Donald Trump's fights with fire marshals show why he's dangerous

Twice in a matter of days, Donald Trump has picked a fight with a local fire marshal, accusing these officials of imposing arbitrary, politically motivated limits on how many people may attend his rallies.

On Friday, Trump attacked the fire marshal enforcing the fire code in Colorado Springs (“probably a Democrat,” Trump said) shortly after he been rescued from a stuck elevator by the Colorado Springs Fire Department.

Today, in Columbus, Ohio, he accused the fire marshal of limiting rally attendance to 1,000 people “purely for political reasons,” calling the marshal’s actions as “politics at its lowest.”

On some level, this seems like just another story of Trump getting angry for a trivial reason  — though of course, as any experienced real-estate developer should know, fire codes are not trivial, and capacity limits are set to ensure that safe evacuation in case of a fire is possible.

But the real reason this story matters is what it shows about what Donald Trump would do as president.
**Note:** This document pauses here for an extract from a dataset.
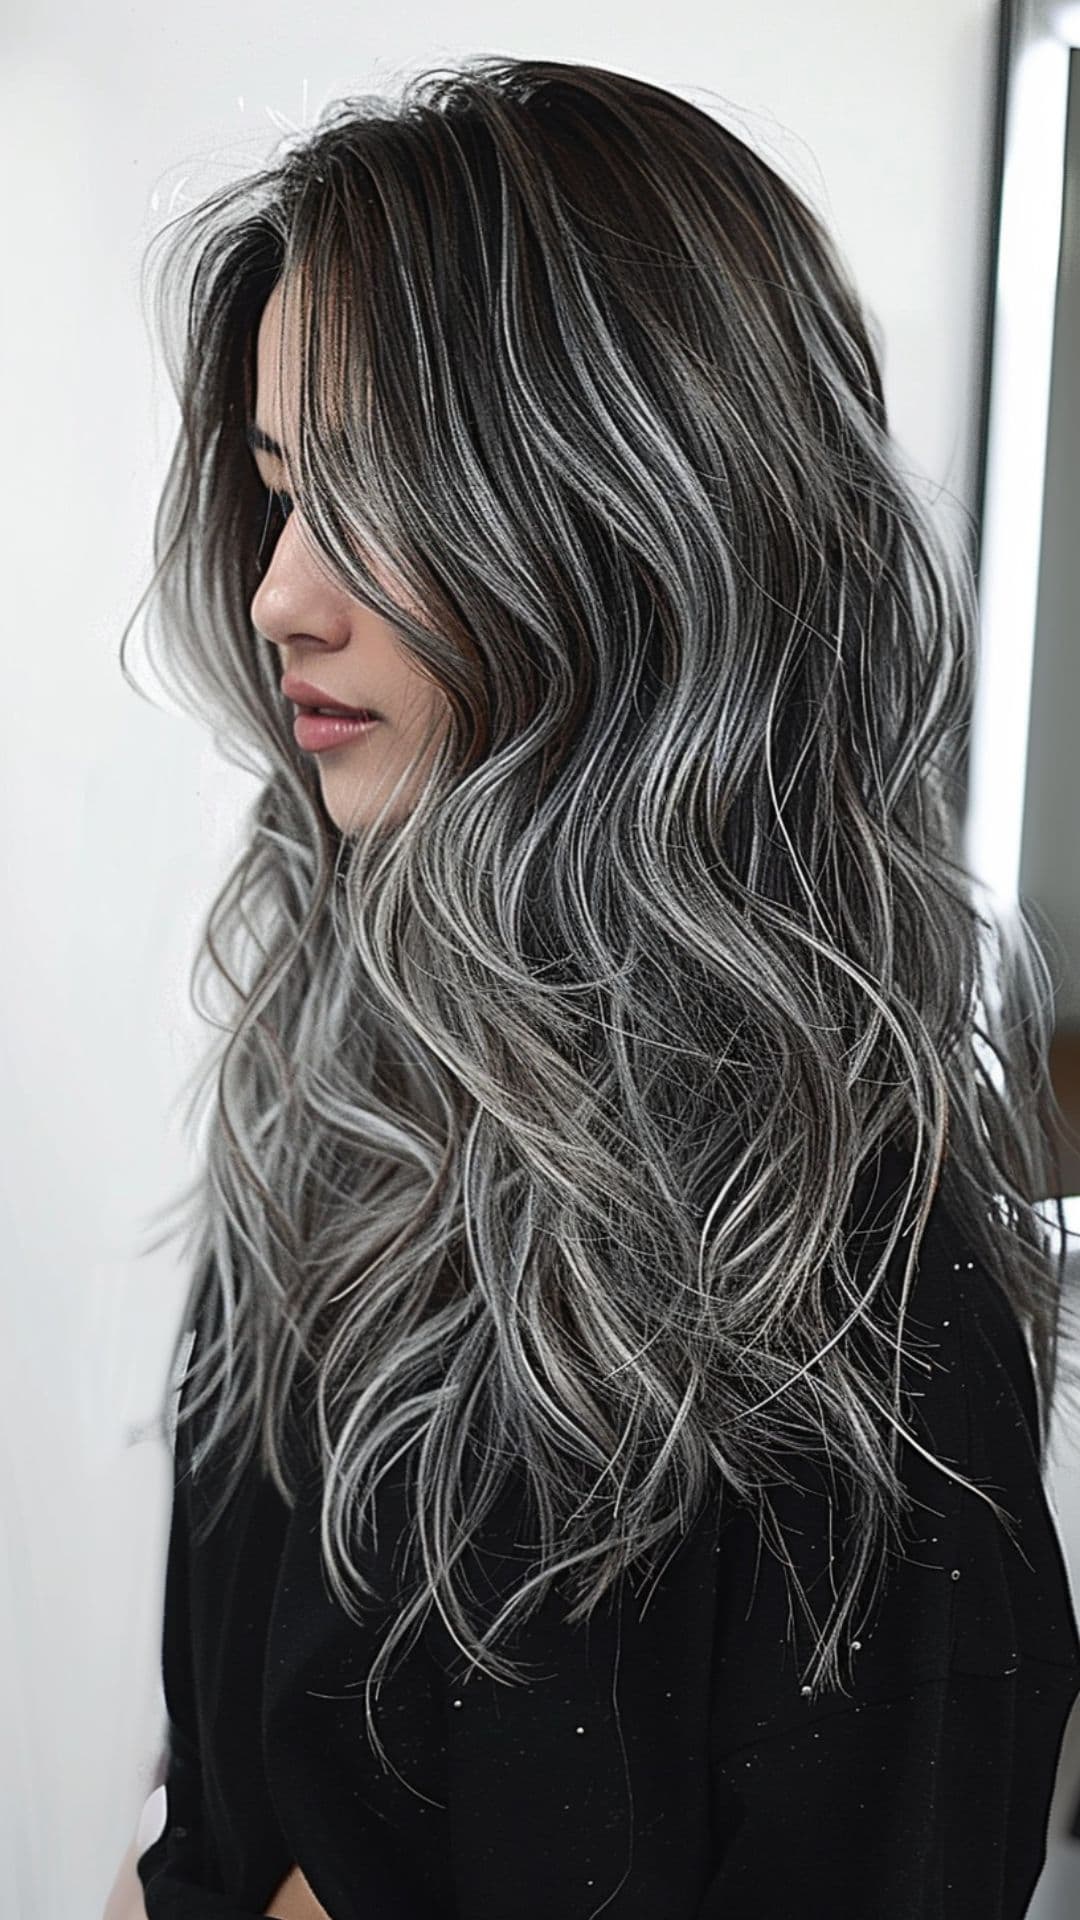 A woman modelling a gray silver balayage hair.

Fire marshals are bureaucrats, charged with enforcing laws that are sometimes inconvenient. If Trump won’t listen to a fire marshal who says his proposed number of attendees at a rally would violate a fire code, will he listen to civil servants or military generals who tell him his proposed actions are illegal?
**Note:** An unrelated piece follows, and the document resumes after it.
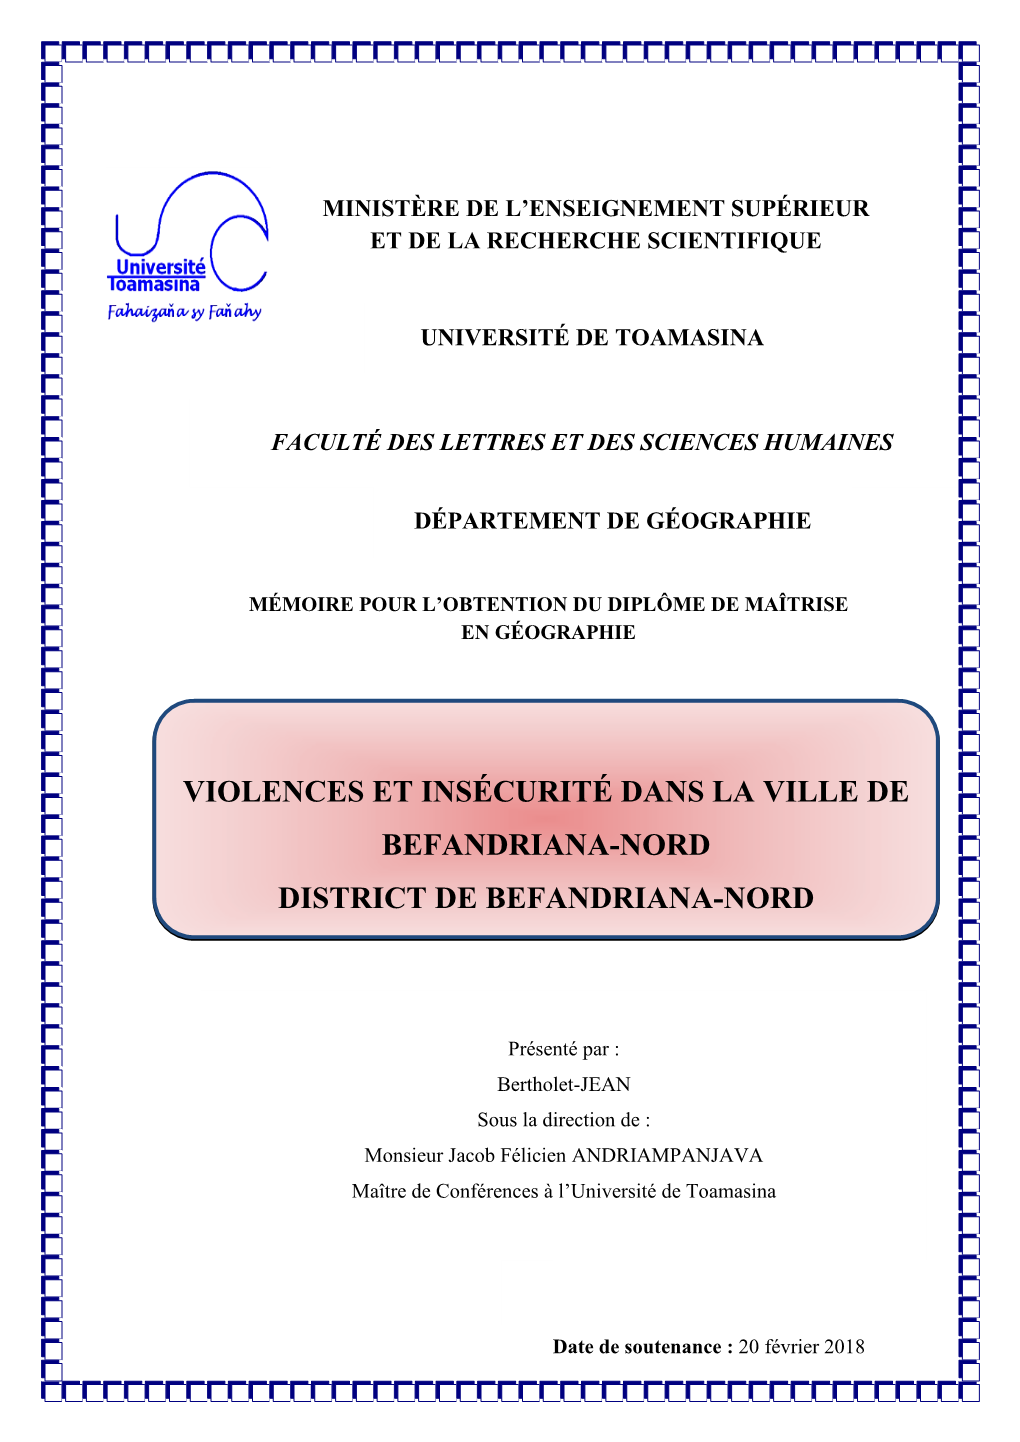 Violences Et Insécurité Dans La Ville De Befandriana-Nord District De Befandriana-Nord

Of course, we already knew the answer to that question: Trump has said military officers will carry out war crimes if he orders them to.

If we give Trump the power of the presidency, he’ll do a lot more than rant to reporters when bureaucrats won’t bend to his will. He’ll order them to ignore laws he doesn’t like. And in some cases, those laws will be much more important than fire codes.

This is an editorial. The opinions and conclusions expressed above are those of the author.